O presidente da Assembleia Legislativa de Mato Grosso (ALMT), deputado Eduardo Botelho (UNIÃO), disse em entrevista de que vai requerer esclarecimentos ao Executivo mato-grossense, para que preste informações sobre a venda de vagões do Veículo Leve sob Trilhos (VLT) ao governo do Estado da Bahia. Em entrevista na manhã desta quarta-feira (19), o chefe do Legislativo ressaltou que o governo mato-grossense já tem autorização para fechar negócio, mas explicou a importância do assunto ser tratado na Casa de Leis.
“Vamos acompanhar, pedir para virem aqui darem esclarecimento sobre todo esse processo. O governo já está autorizado a fazer essa negociação, mas é importante vir na Assembleia para dar esclarecimentos”, disse Botelho aos jornalistas.
Acordo
Os estados de Mato Grosso e da Bahia e o Consórcio VLT Cuiabá chegaram a um acordo para venda de todos os vagões do Veículo Leve sobre Trilhos. O valor da transação será de R$ 793,7 milhões, que serão pagos pela Bahia em 4 parcelas anuais, sendo que a primeira será até 31 de dezembro deste ano e as demais na mesma data de cada ano até 2027. Todas as parcelas serão corrigidas pelo IPCA-E, a partir da data da assinatura do acordo.

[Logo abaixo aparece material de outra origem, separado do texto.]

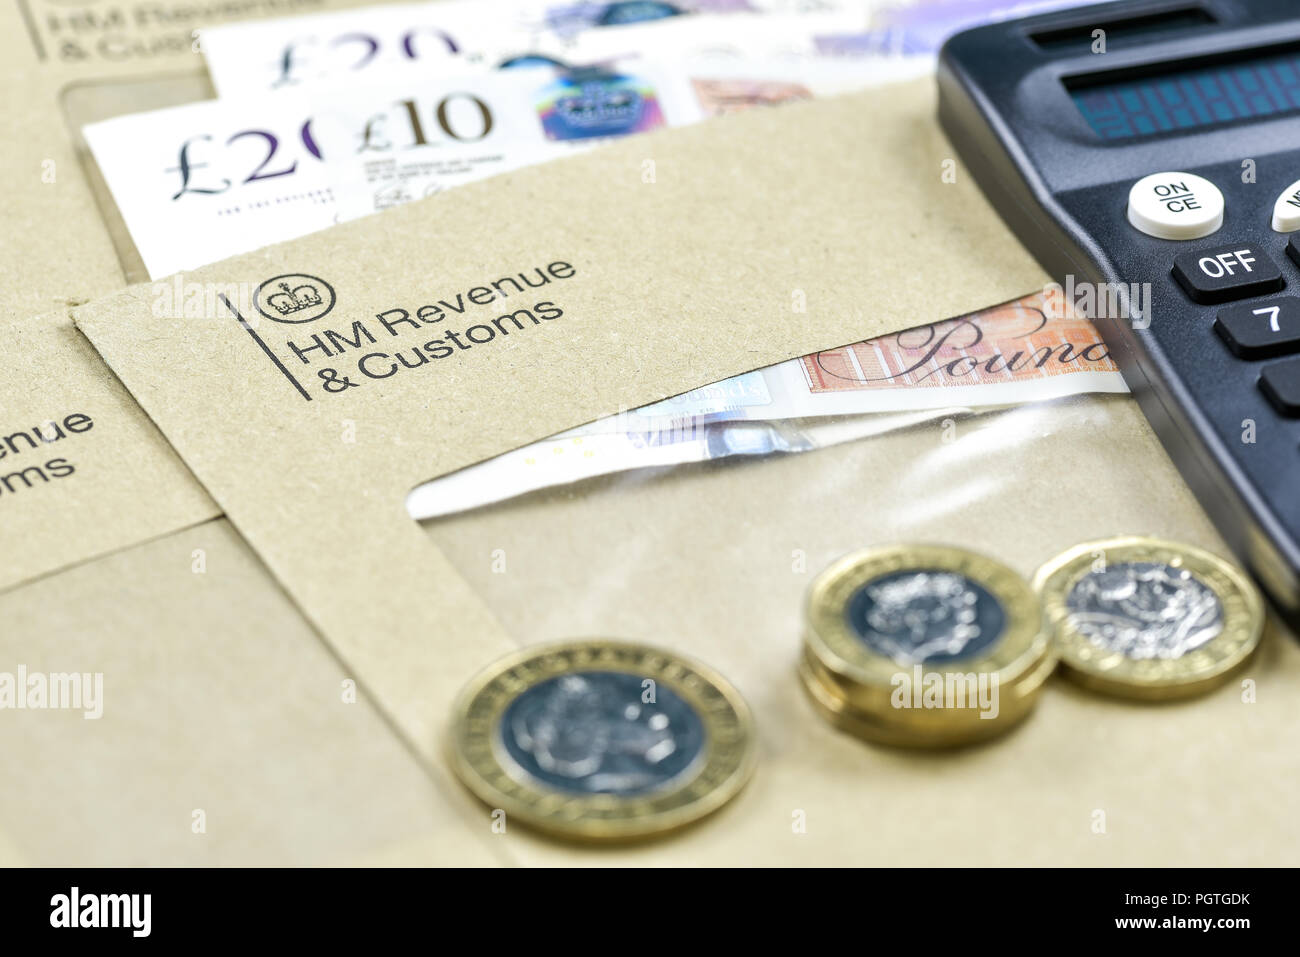 England, UK - August 16 2018: The logo of Her Majestys Revenue and Customs on envelope, with money or check included inside.  HMRC is a non-ministeria Stock Photo

O acordo foi mediado pelo Tribunal de Contas da União (TCU), em comissão formada pelo presidente Bruno Dantas, e contou com representantes dos poderes executivos e dos Tribunais de Contas dos Estados de Mato Grosso e da Bahia.
A composição envolveu a venda do material rodante e de equipamentos, bem como a extinção de 5 ações judiciais propostas pelo Consórcio VLT contra o estado de Mato Grosso e outras 2 propostas por Mato Grosso em face do Consórcio.

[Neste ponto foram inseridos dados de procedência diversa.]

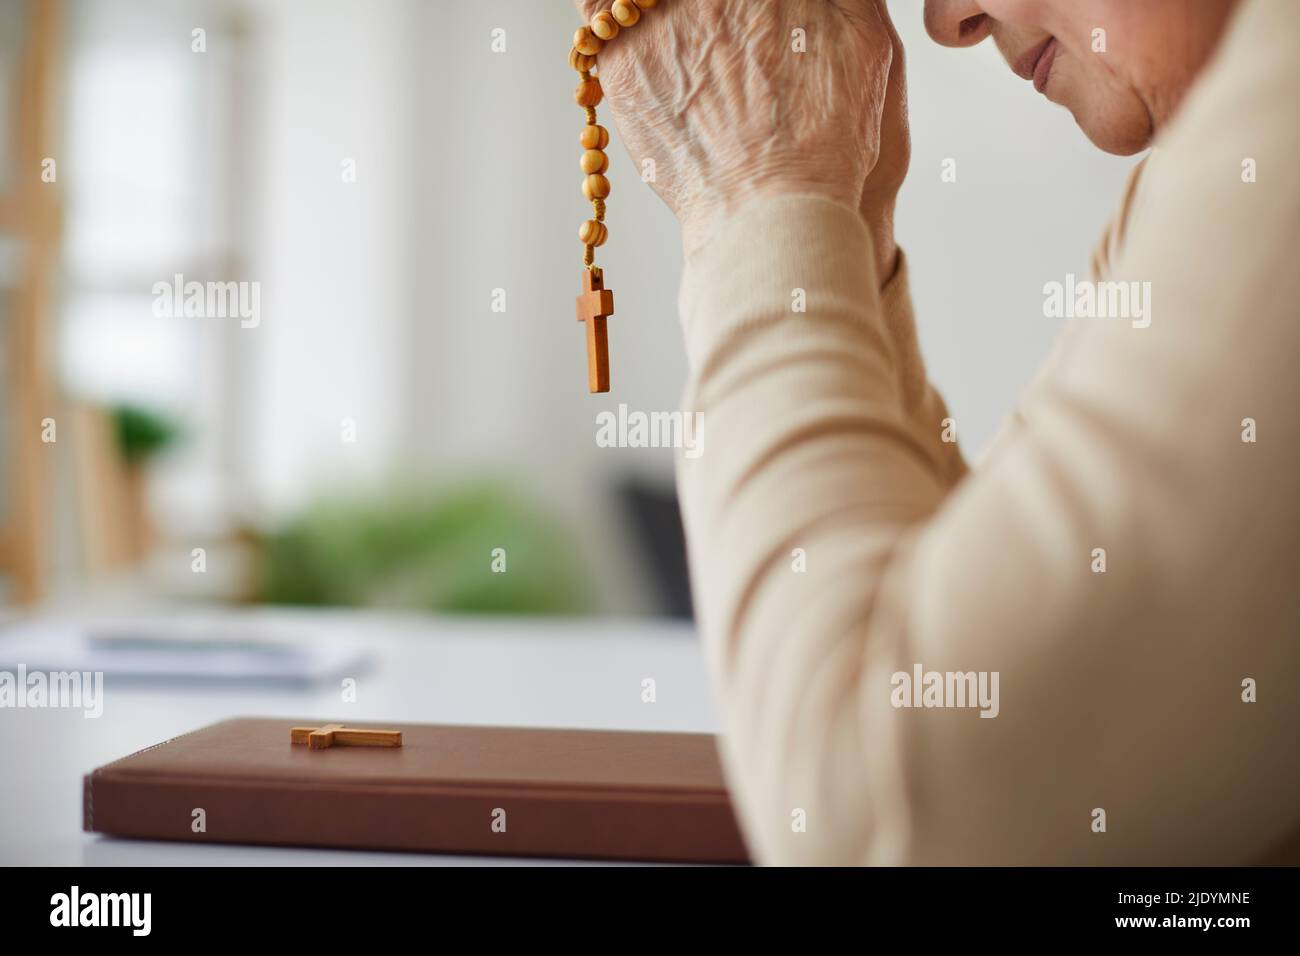 Senior Christian woman praying to God and holding rosary beads over the Holy Bible Stock Photo

A Bahia deu em garantia do pagamento das referidas parcelas ao estado de Mato Grosso o fluxo financeiro decorrente da sua cota no Fundo de Participação dos Estados (FPE).
Segundo o governo, o dinheiro que entrará no caixa Estado será o suficiente para custear todas as obras do Sistema BRT, no valor de R$ 468 milhões, e ainda sobram R$ 325 milhões para comprar os ônibus e realizar outros investimentos.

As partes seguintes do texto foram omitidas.